32. Анализируя всевременность, мы установили, что в качестве ее всякий момент «есть» и «не есть». Он есть все всеединство и единственное его выражение, когда нет ни одного другого момента; и «не есть», когда есть хоть один другой момент. Вместе с тем, допуская еще «неполное есть» всякого момента или его становление–погибание, мы утверждали возможность сосуществования его частичного бытия с частичным бытием других, т. е. возможность «перехода» или самого становления–погибания (§ 27). Теперь нам приходится определять всепространственность, как такое качествование всеединства, что в ней всякий момент всеединства «есть» — есть единственное бытие и все бытие — и «не есть» ни один из других моментов, поскольку все моменты (и он в их числе) суть. Ясно, что всевременность, как единство «есть» и «не есть» всех моментов и как их «переход» друг в друга, и является всепространственностью, взятою в ее множестве, Всепространственность в множестве ее — «все» и покой всевременности. С другой стороны, всевременность в ее движении и в последовании «есть» и «не есть» — единство всепространст–венности. Единство всепространственности осуществимо лишь чрез движение всевременности. Пространство, поскольку оно не только разъединяет, а и соединяет (т. е. и воссоединяет разъединяемое — ср. § 24), необходимо требует диалектики бытия–небытия, т. е. движения, которое, будучи временным, погружает все пространственное в небытие и вместе — все сохраняет, так как пространство во множественности своей всевременно. Всепространственность без всевременности не мыслима и не реальна; пространство, как умаление всепространственности, требует ума–ленно–всевременного, т. е. временного движения. Только чрез движение, т. е. — с точки зрения всевременности — чрез ста–новление–погибание, преодолимо недостаточное единство мира, его разъятость. Умирание сущего — становление его в единство, т. е. восполнение его до истинного бытия. Но мыслима ли и реальна ли всевременность без всепространственности? мыслимо ли и реально ли время без пространства? — Нет, так как всевременность сама по себе не есть сосуществование своих моментов и не есть их взаимопереход: и первое и второй предполагают сосуществование. Всепространственность и всевременность, пространство и время — два аспекта одного и того же всеединства, в них и через них счислимого.

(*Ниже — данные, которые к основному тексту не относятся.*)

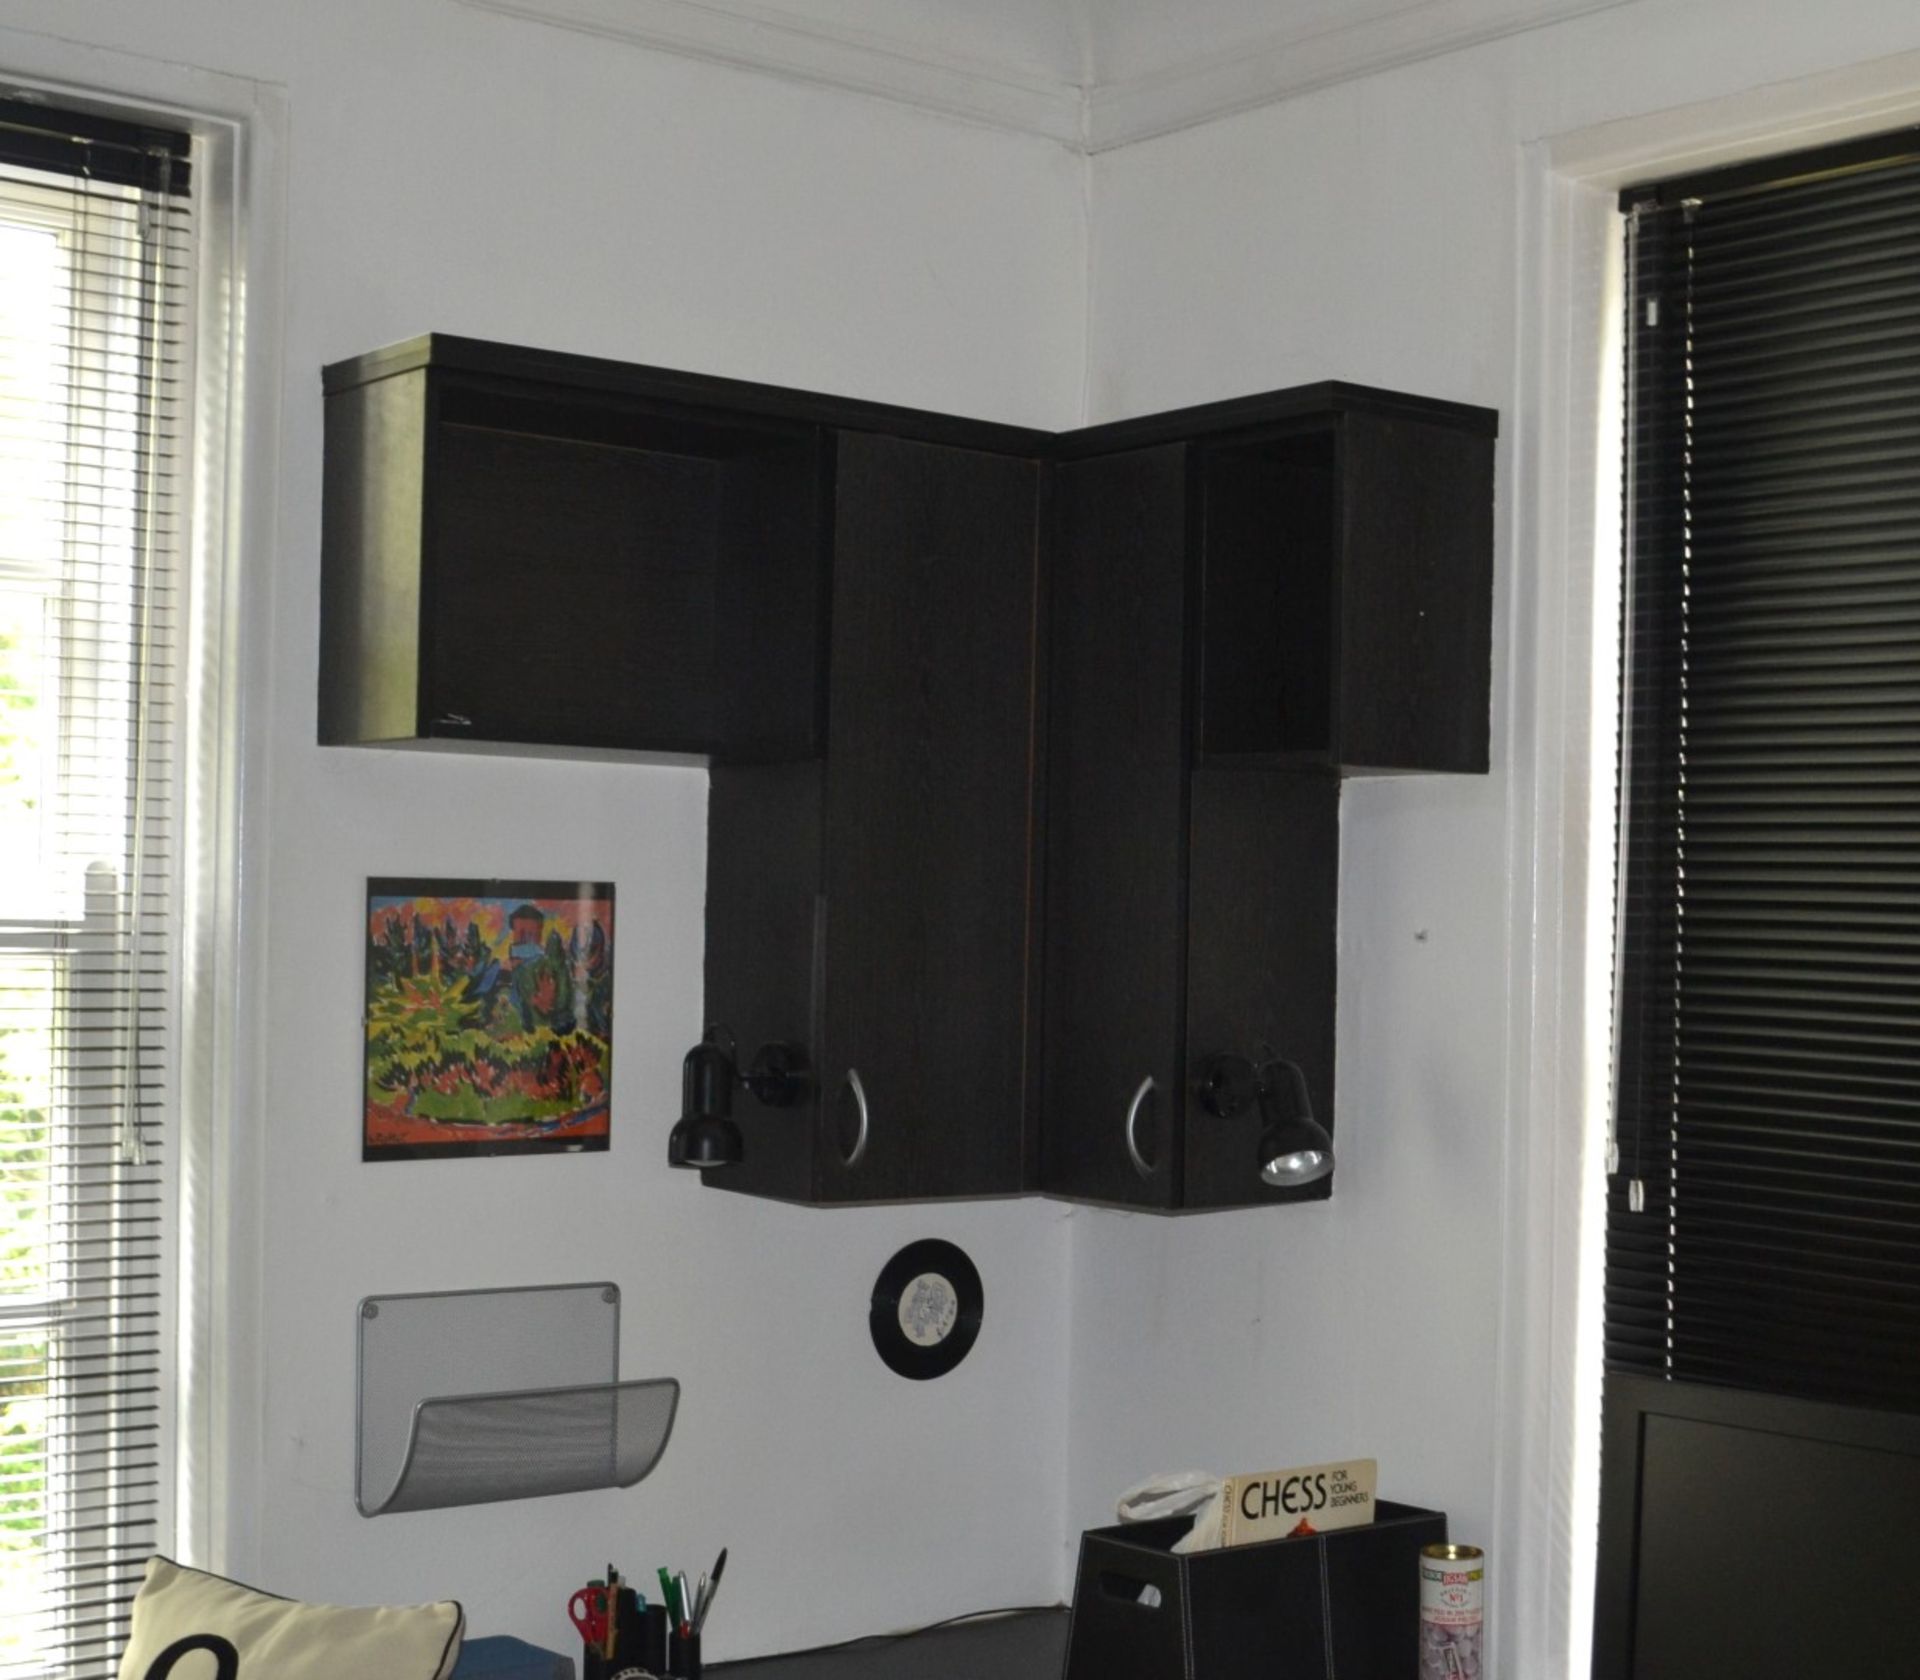 1 x Fitted Bedroom in Black including Bed, Wardrobes and Sink Unit - Lots of Units - CL321 - - Image 12 of 17

Опространствление мира, т. е. разъединение его и взаимосоотнесение разъединяемого, возможно лишь из всепространственности, точнее — из единства ее, которое ни в коем случае не является одним из соотносимых моментов (тел или точек), хотя и пребывает в каждом из них и во всех их, позволяя каждый брать за начало пространственных координат; равно как каждый из них можно взять за момент покоя или движения (§ 16). Теория относительности вполне справедлива, если только она не забывает, что необходимо еще выяснить самый принцип ее и обосновать ее возможность, т. е. найти начало пространственности во всепространственности, и начало движения в двуединстве его с покоем. И еще вопрос: нет ли возможности и необходимости установить эмпирическое начало координат, которое бы обладало и абсолютным значением. Во всяком случае, основание и начало пространственных соотношений лежит во всепространственной целостности космоса, что очень хорошо показано уже Николаем Ку–занским. И как невозможно временное начало времени (§ 27), так же невозможны пространственные пределы пространства.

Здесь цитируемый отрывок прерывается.